From 54d5cf3a4a15bdfacc68651c55376e2afb8202b5 Mon Sep 17 00:00:00 2001
From: Nikolai <osterei33@gmx.de>
Date: Thu, 17 May 2018 07:55:36 +0200
Subject: [PATCH] Adding option to train on batches with equal number of events
 of both classes

---
 toolkit.py | 114 ++++++++++++++++++++++++++++++++++++++++++++---------
 1 file changed, 95 insertions(+), 19 deletions(-)

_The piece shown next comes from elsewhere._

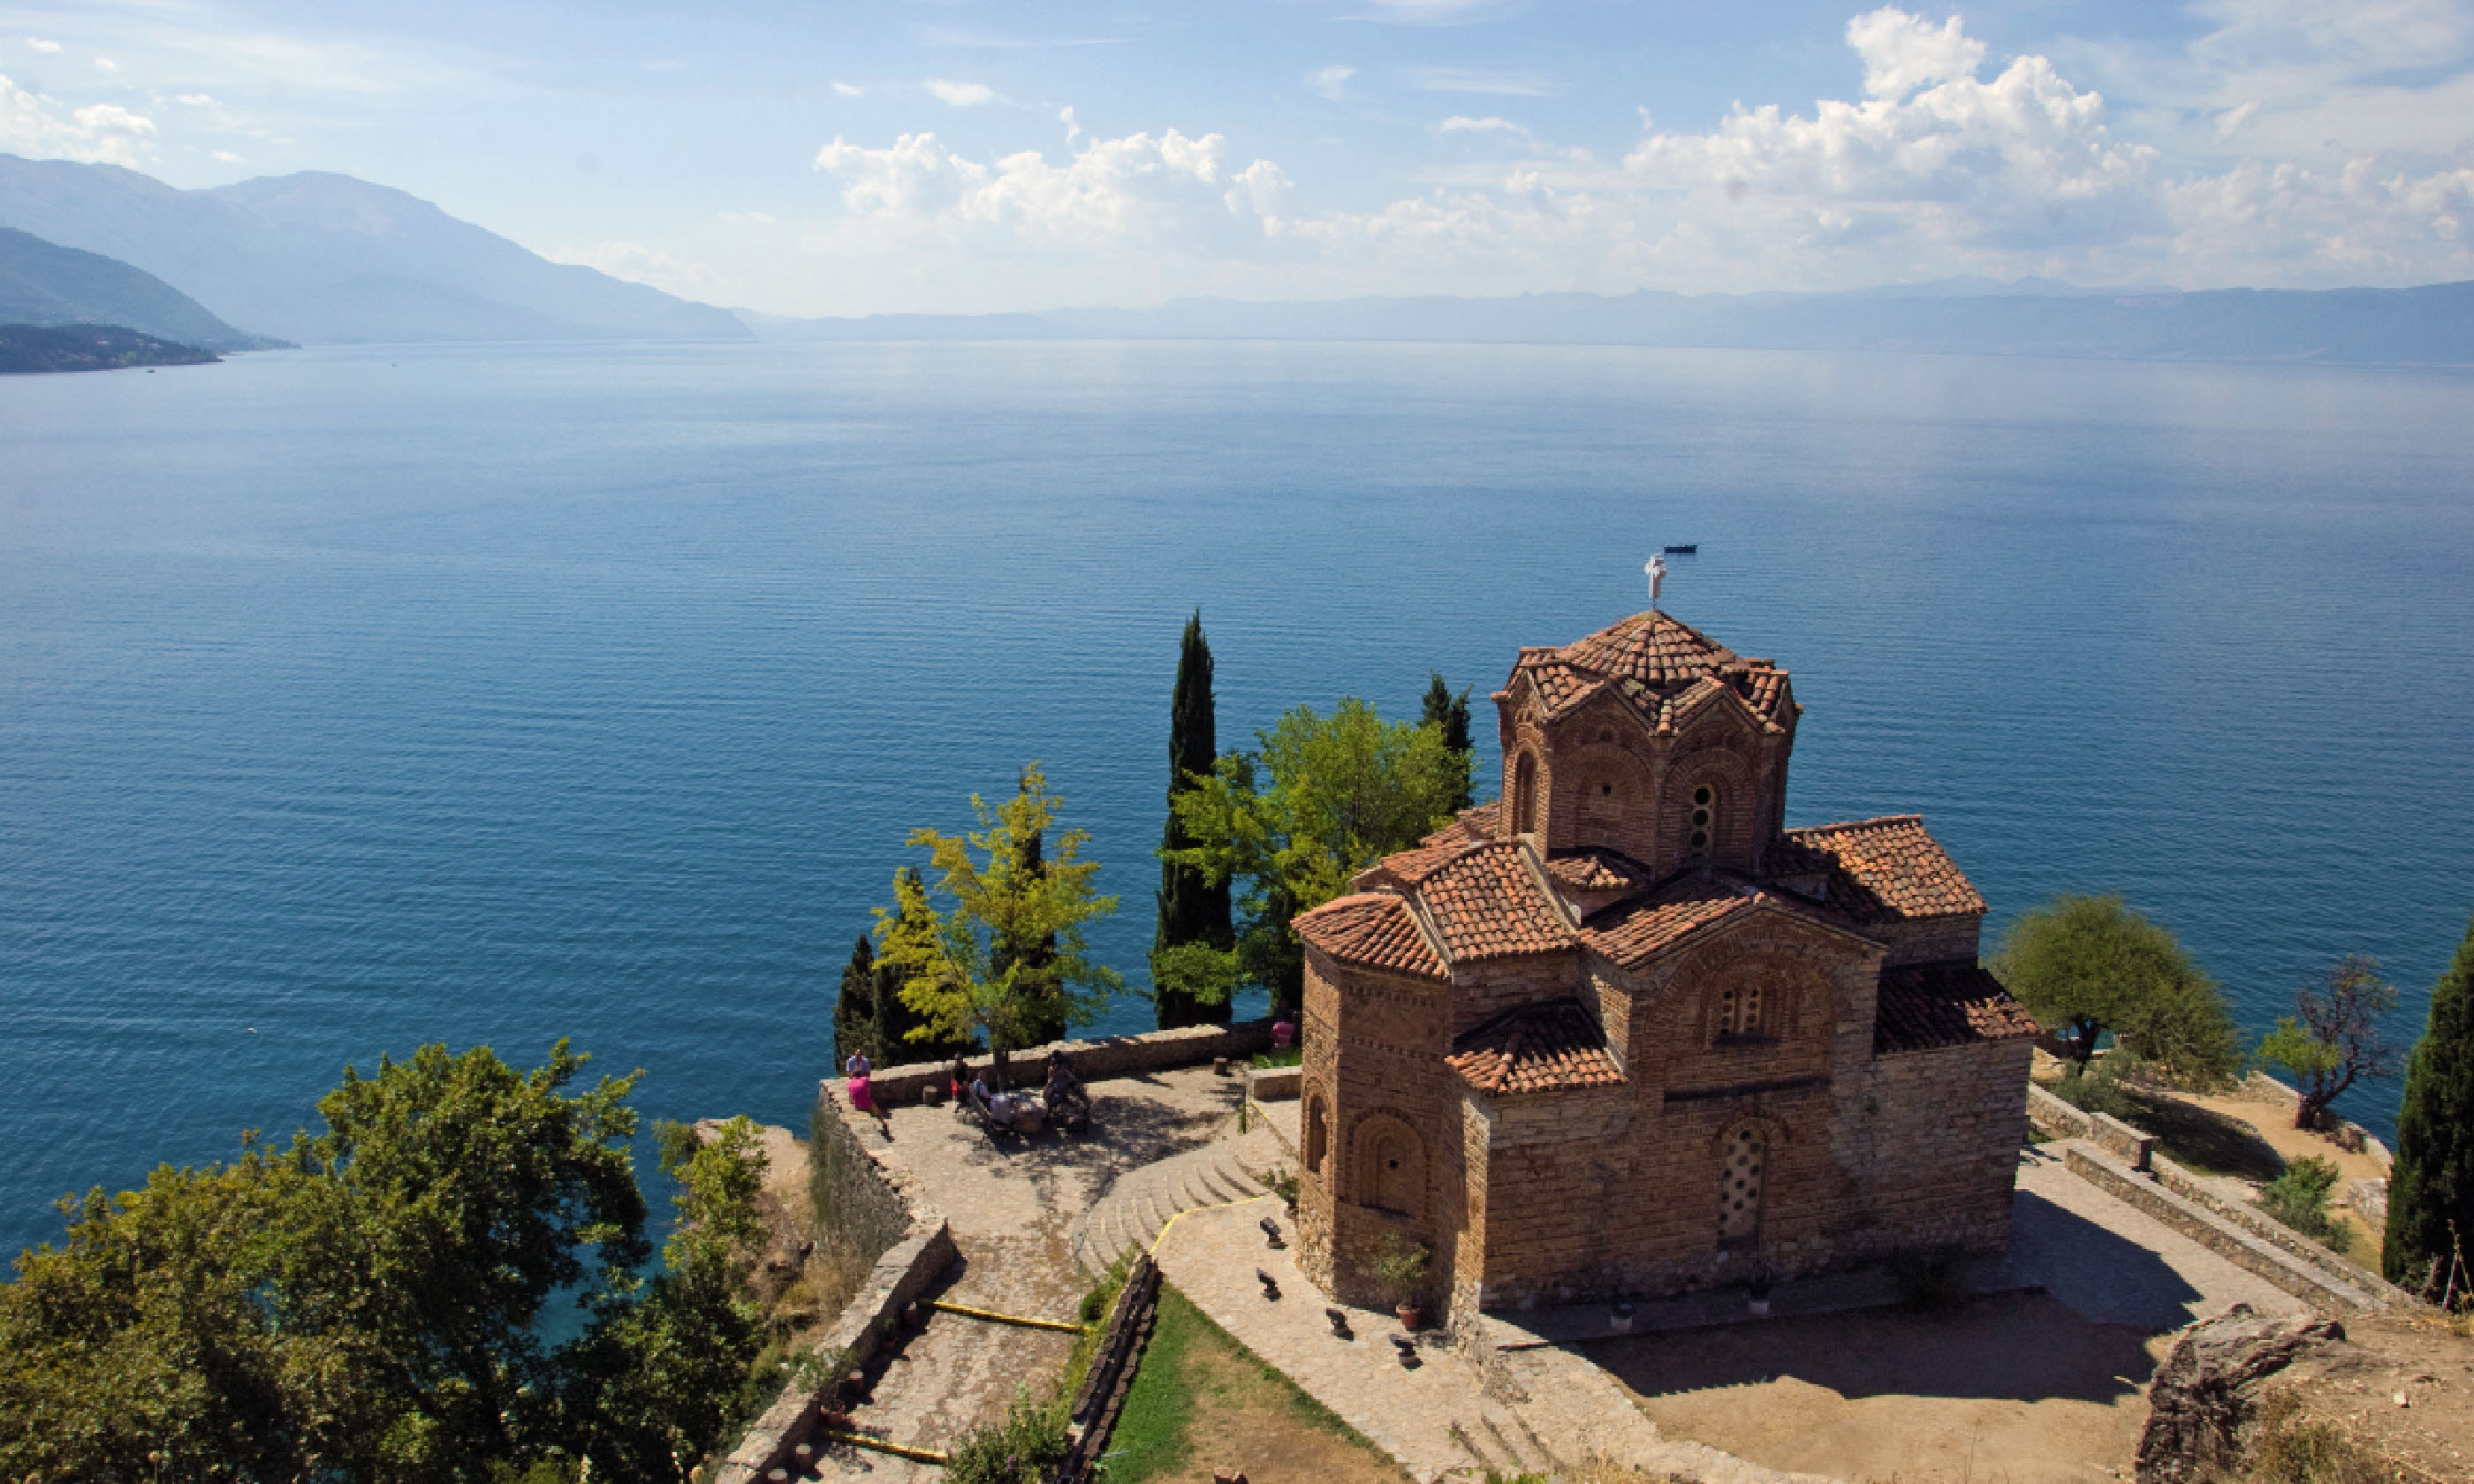 St John at Kaneo Church overlooking Lake Ohrid, Macedonia (Lyn Hughes)

diff --git a/toolkit.py b/toolkit.py
index dbec934..5593a29 100755
--- a/toolkit.py
+++ b/toolkit.py
@@ -4,6 +4,9 @@ from sys import version_info
 
 if version_info[0] > 2:
     raw_input = input
+    izip = zip
+else:
+    from itertools import izip
 
 import os
 import json
@@ -108,6 +111,13 @@ class ClassificationProject(object):
 
     :param earlystopping_opts: options for the keras EarlyStopping callback
 
+    :param use_modelcheckpoint: save model weights after each epoch and don't save after no validation loss improvement
+
+    :param balance_dataset: if True, balance the dataset instead of
+                            applying class weights. Only a fraction of the overrepresented
+                            class will be used in each epoch, but different subsets of the
+                            overrepresented class will be used in each epoch.
+
     :param random_seed: use this seed value when initialising the model and produce consistent results. Note:
                         random data is also used for shuffling the training data, so results may vary still. To
                         produce consistent results, set the numpy random seed before training.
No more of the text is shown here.